In my abandoned newspaper I had just read a review of a new biography of Sir Thomas Browne, the great 17th century essayist, by the reliably good David Aaronovitch in The Times. Browne was a man of quite extraordinary breadth of interests and inexhaustible curiosity. The books he produced are some of the most uniquely fascinating in the English language. Aaronovitch slightly criticizes him for not quite being able to deny the existence of witches: Browne apparently didn't actually believe in witches, he was just reluctant to categorically state they didn't exist. But in fact Browne's indefatigable curiosity resides in this very open-mindedness, in this ability to find fascination in the mental borderlands of fact and fantasy.
The spaceship-lady rather drifted out of my mind and then a few weeks later while seated in another cafe (when the stars align, I can wangle a decent amount of time sitting in cafes), she joined me again, this time while I was sitting with someone else. Truth to tell, I had completely forgotten about our dark secret, that we had spent a night together on a spaceship with me trying to escape out the window. The lady began relating how she had attended a meeting that morning in a hotel conference room of a 'mystic master' from India, whose very presence had changed the energy of the room and connected everyone to their hidden 'frequencies of existence'.

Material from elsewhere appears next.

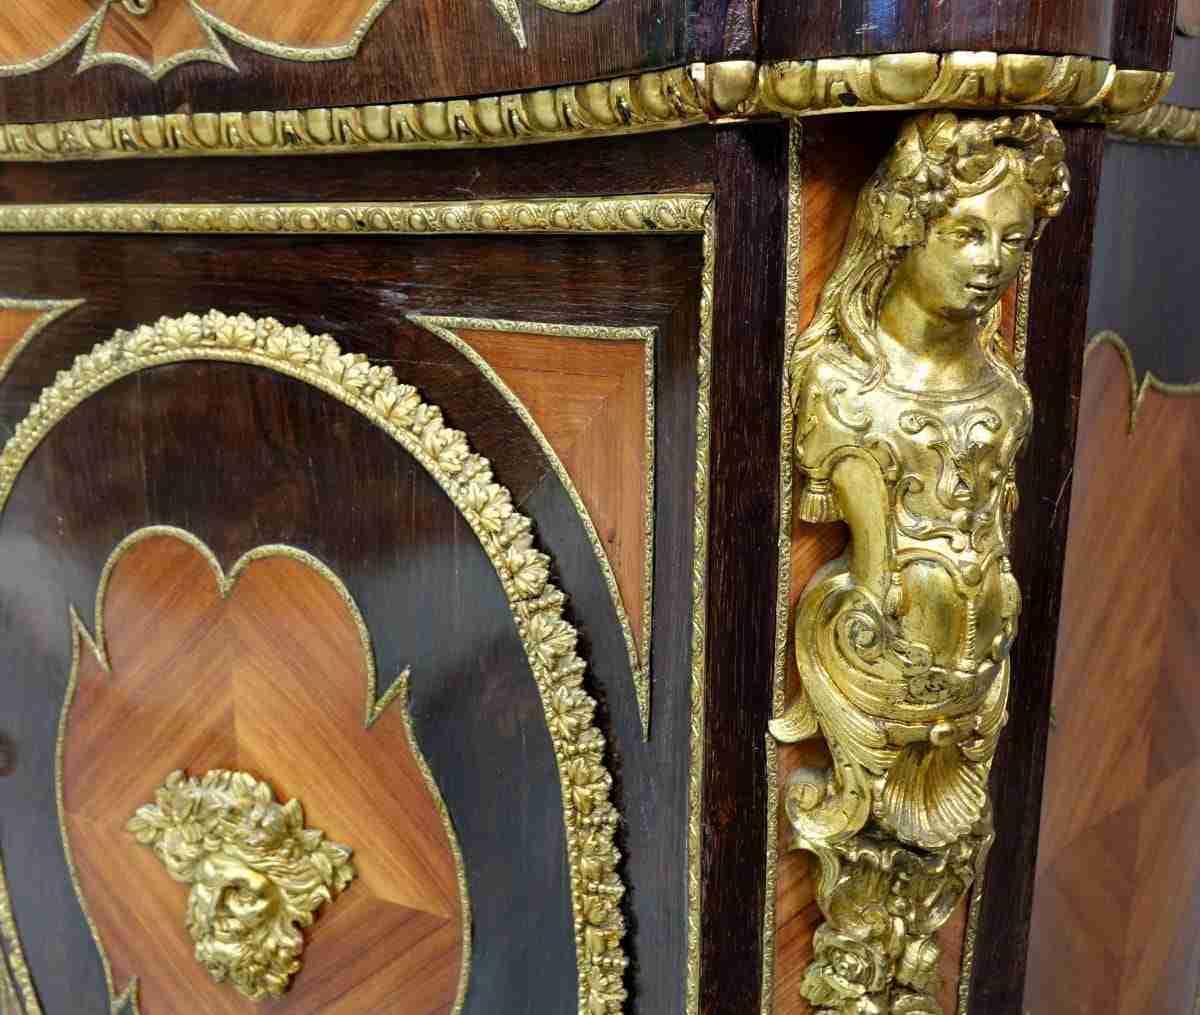 credebza-bronzo-dorato-napoleone-iii-7

My companion unfortunately gave it all short shrift, bursting into snorting laughter and uttering sardonic, mocking remarks. I reprimanded him for his rudeness and then suddenly recalled the 'spaceship dream'. The moment became strangely Freudian, as if tapping into a hidden world of dreams.
So I wonder: will I be heading off tonight again in spaceship travels while I sleep? Will I feel confident enough this time to sit down, opening myself to the experience and not try to scramble out the emergency exit?
And in those dreams, what will I encounter? All my fears and longings? And of the recognizable humans I meet up there, will I be brave enough to go up and tell them when I spot them the next day on the other side of my cafe?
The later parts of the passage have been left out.